● **TASK REQUIREMENTS**
What you return must match the listing below exactly, minus any pictures.

-------- SUPPLIED MATERIAL --------

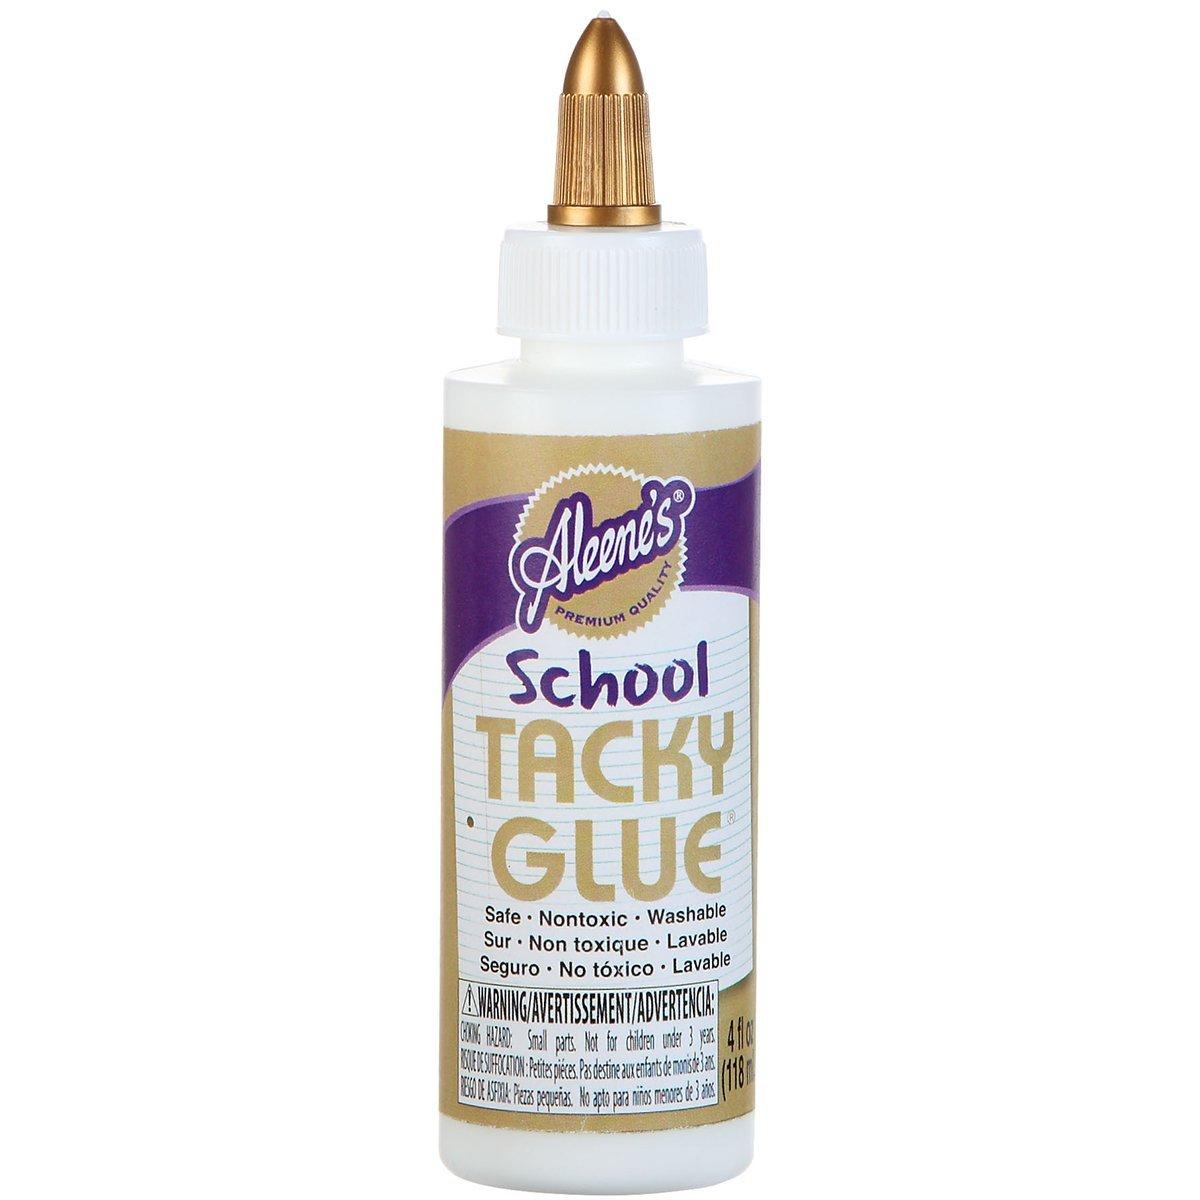 Aleene's School Tacky Glue, 4-Ounce
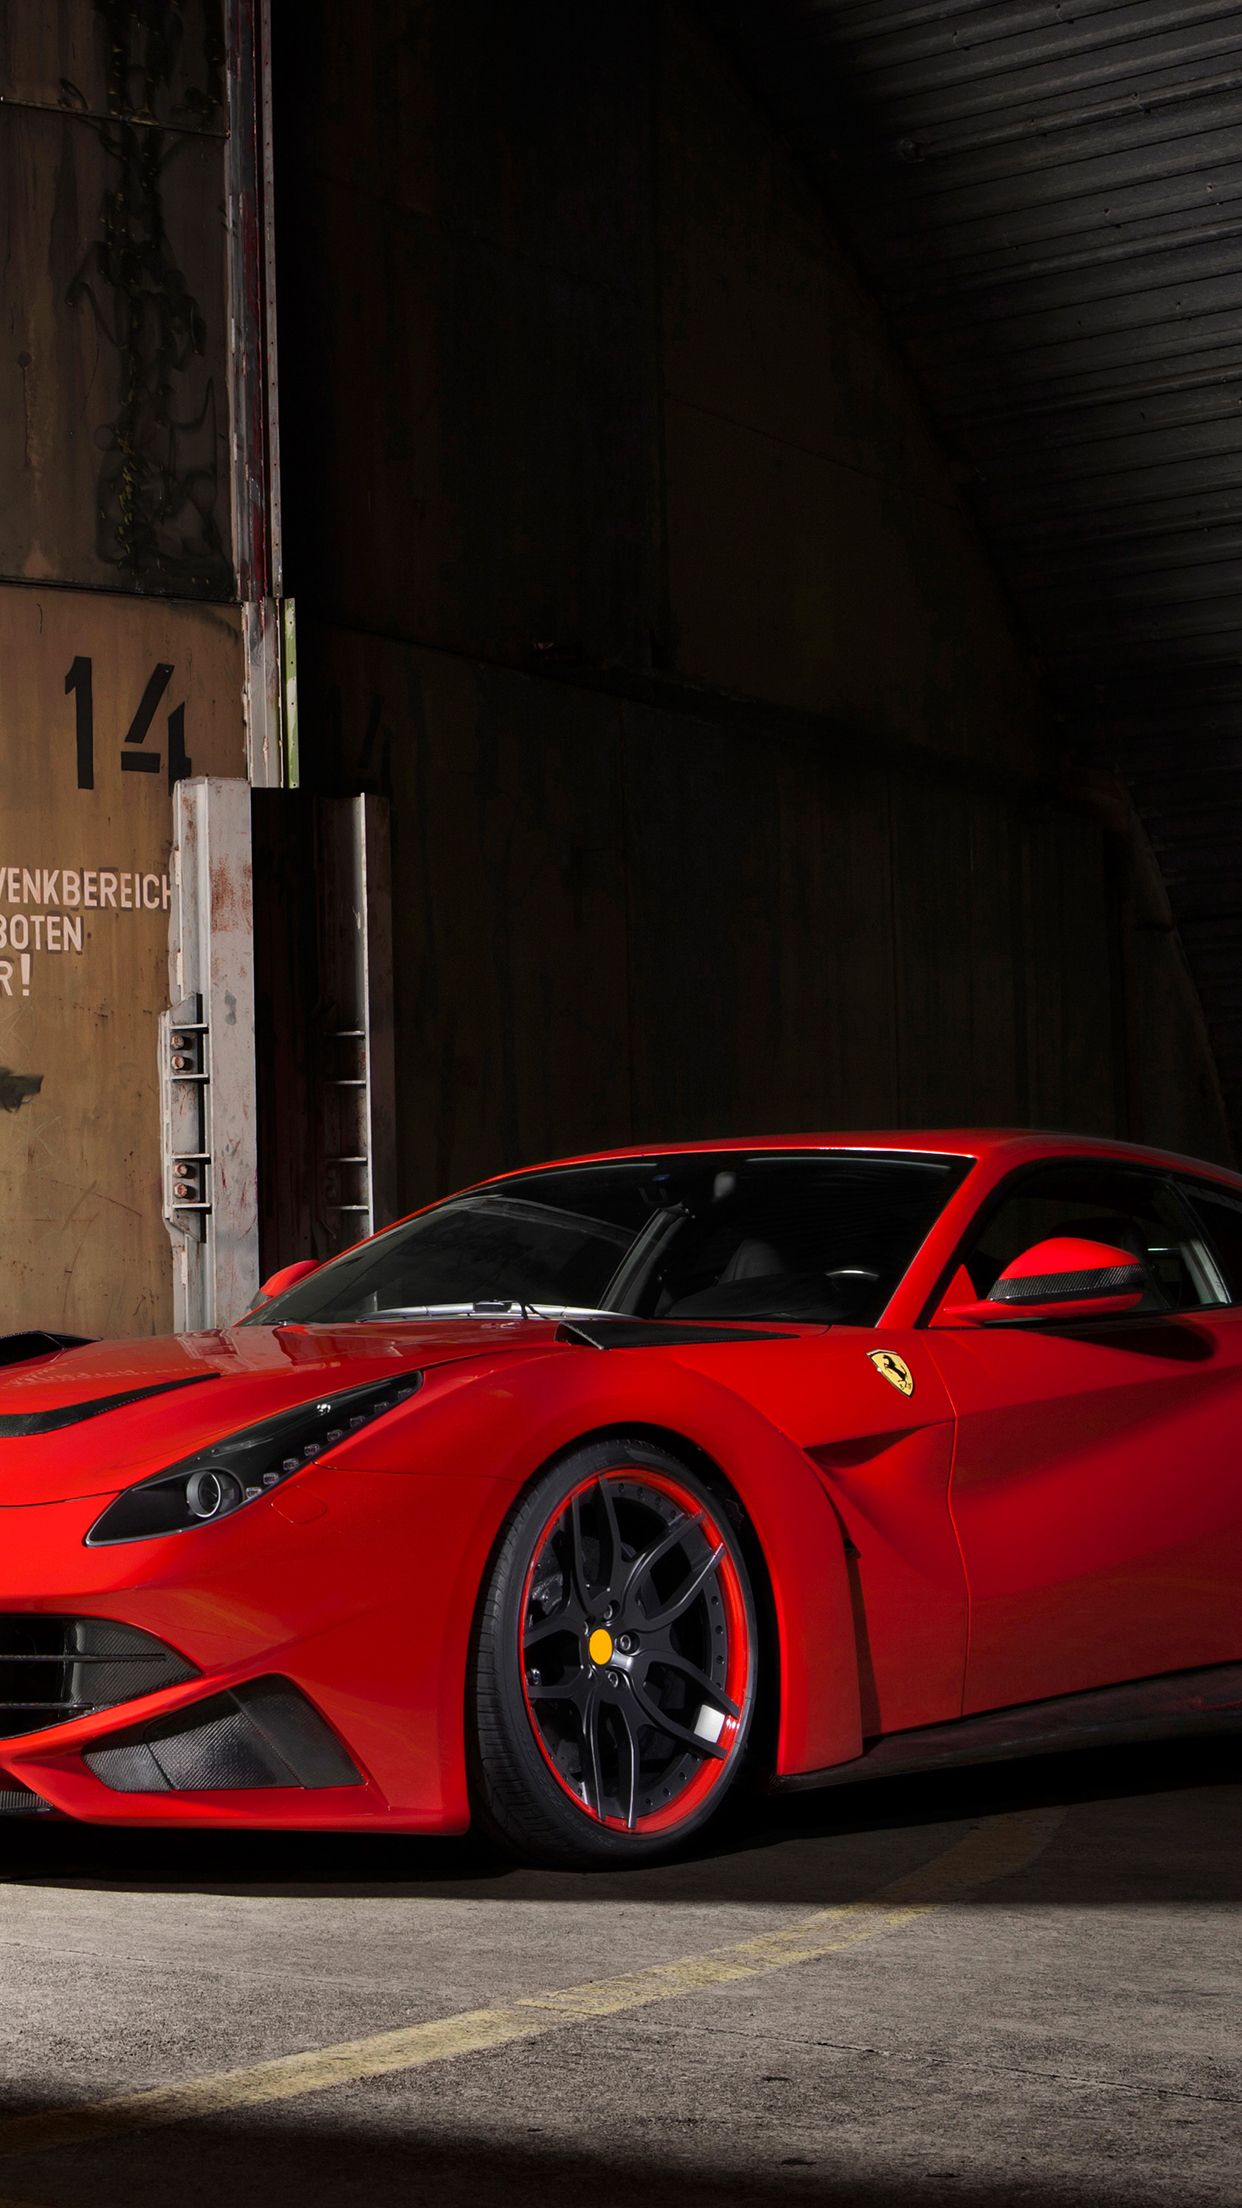 Ferrari Iphone Wallpapers Top Free Ferrari Iphone
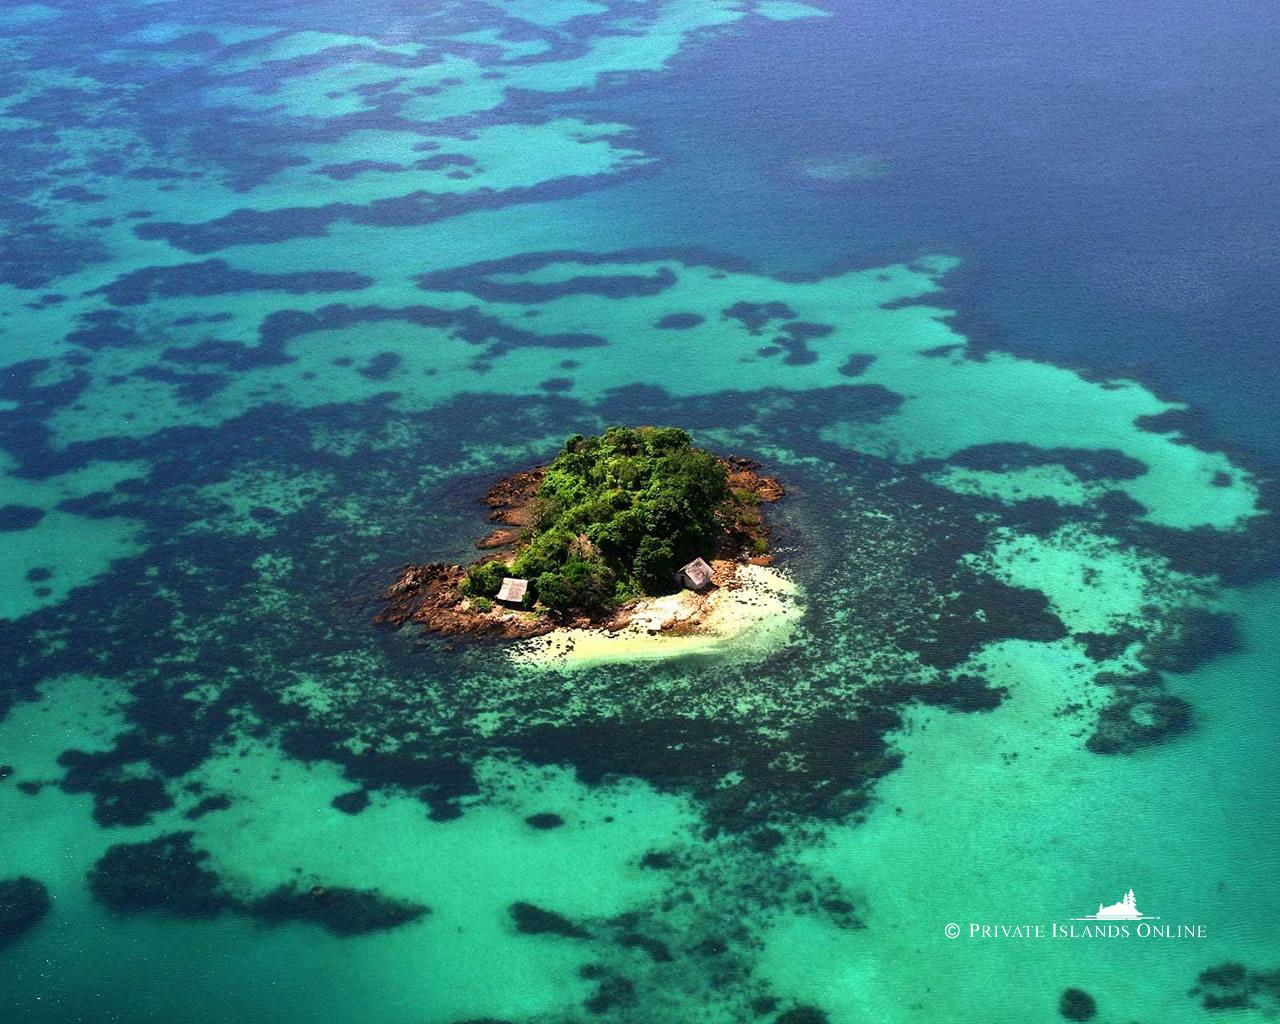 caribbean island wallpaperjpg 1280x1024
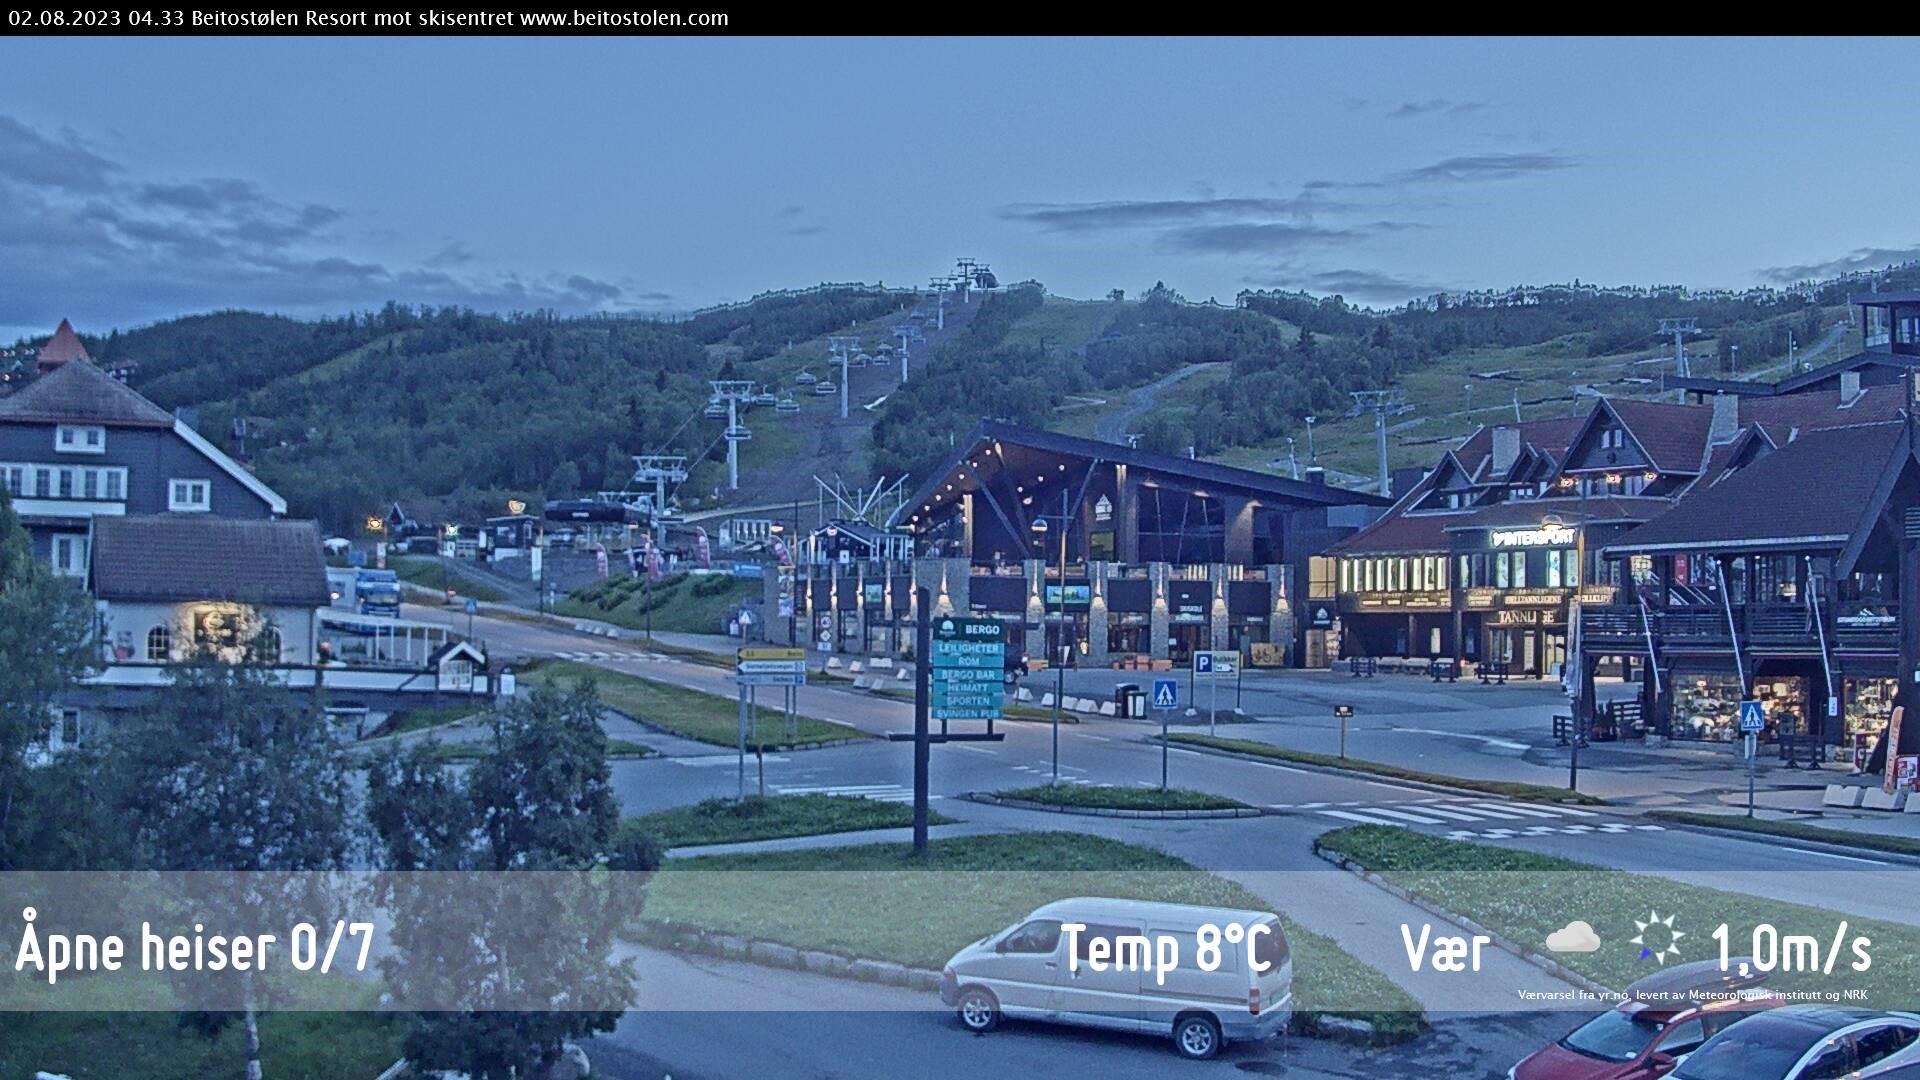 Webcam de la Estación de Esquí de Beitostølen

--------

● **TASK OUTPUT**
 Aleene's School Tacky Glue, 4-Ounce
 Ferrari Iphone Wallpapers Top Free Ferrari Iphone
 caribbean island wallpaperjpg 1280x1024
 Webcam de la Estación de Esquí de Beitostølen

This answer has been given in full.